This exercise asks for an exact copy of the lines from the one containing "Раскраска Семья Адамс: четыре персонажа" through the final line of the material, with pictures omitted.

Segment Start: The data

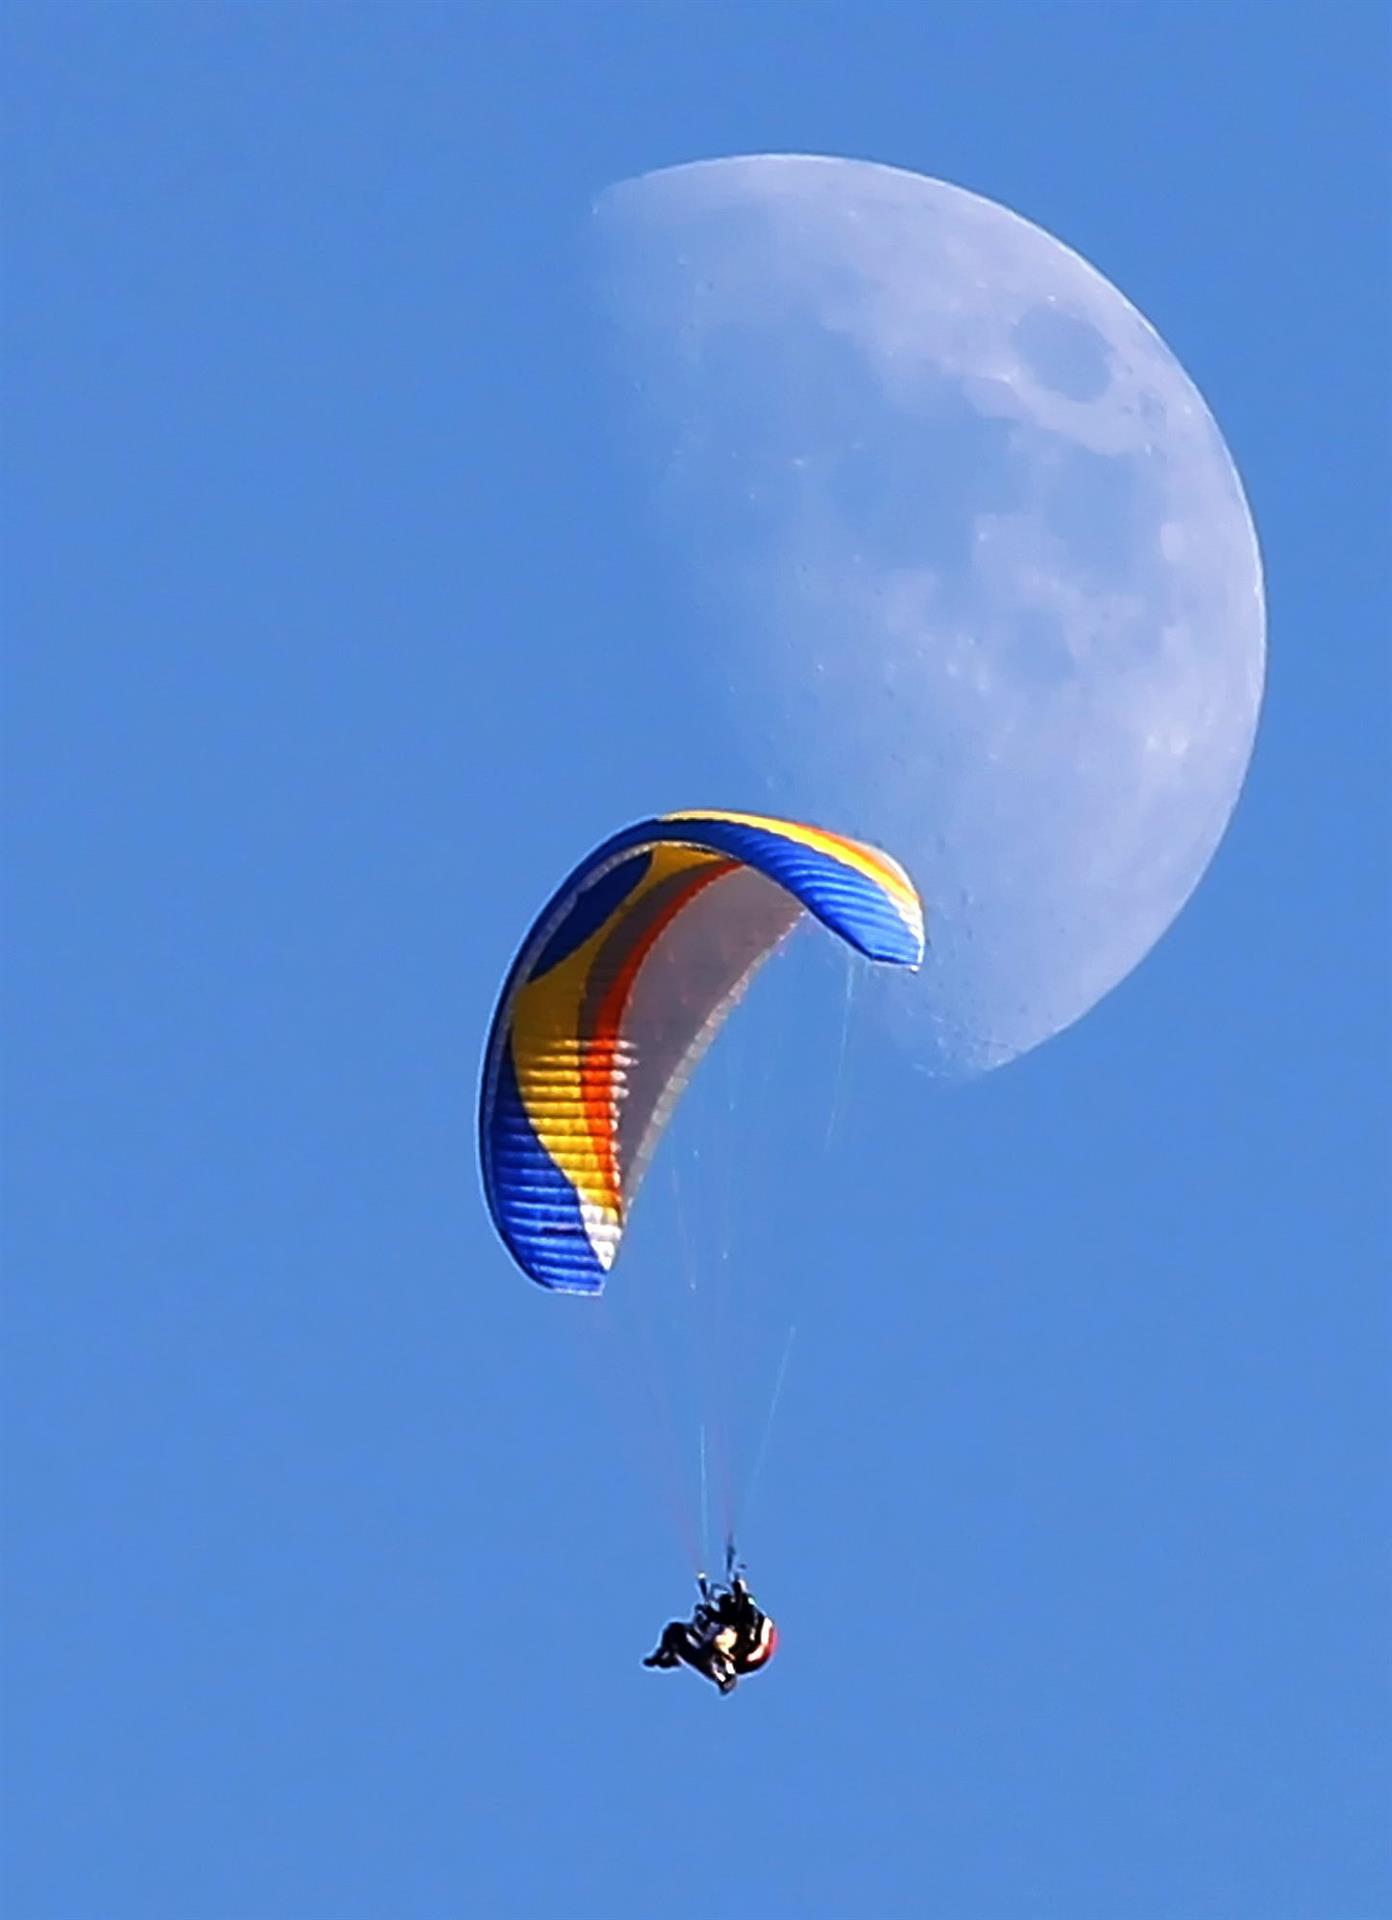 Vista de un parapente delante de la luna. Imagen de archivo. EFE/George Frey
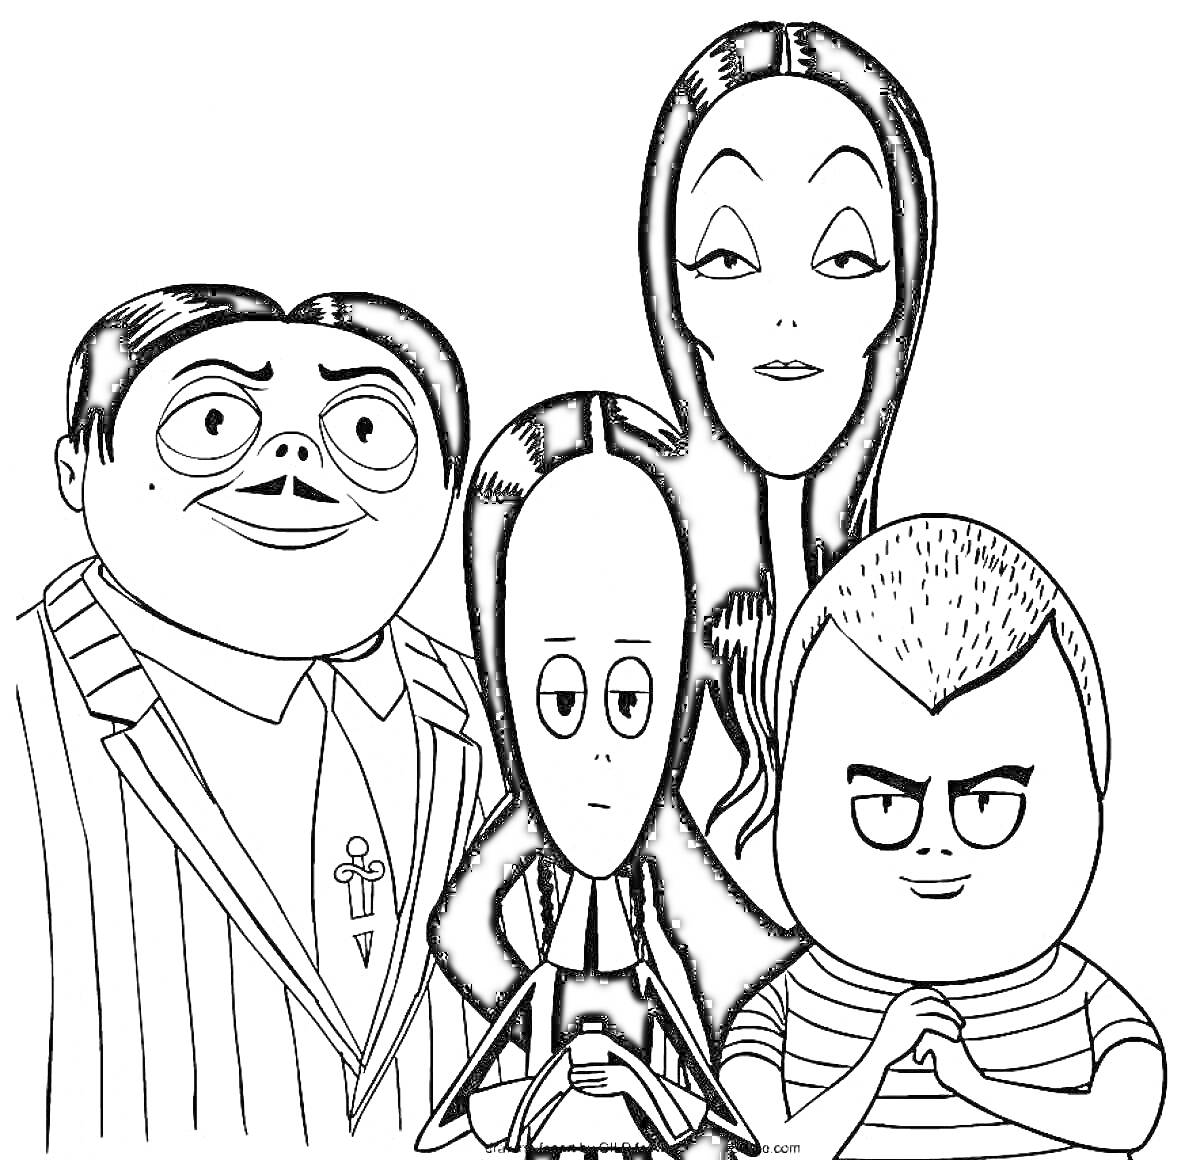 Раскраска Семья Адамс: четыре персонажа
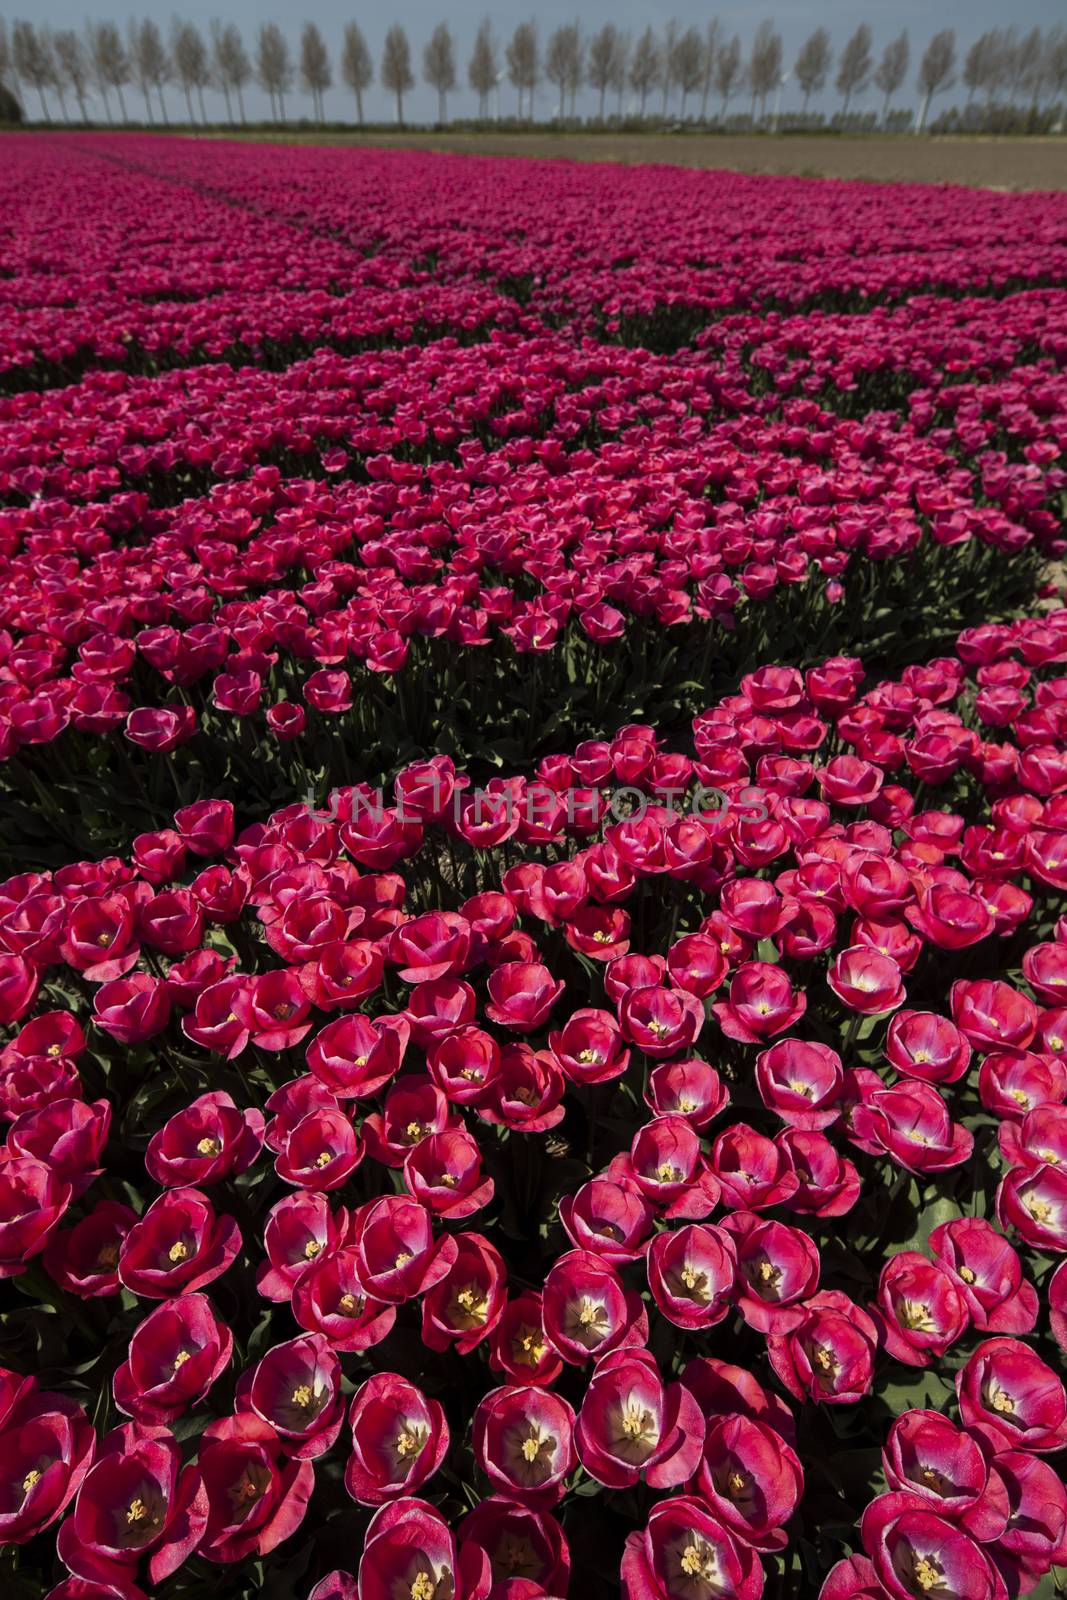 Tulips in a field in spring by JanPietruszka

Segment End: The data

- [Answer to the problem]
 Раскраска Семья Адамс: четыре персонажа
 Tulips in a field in spring by JanPietruszka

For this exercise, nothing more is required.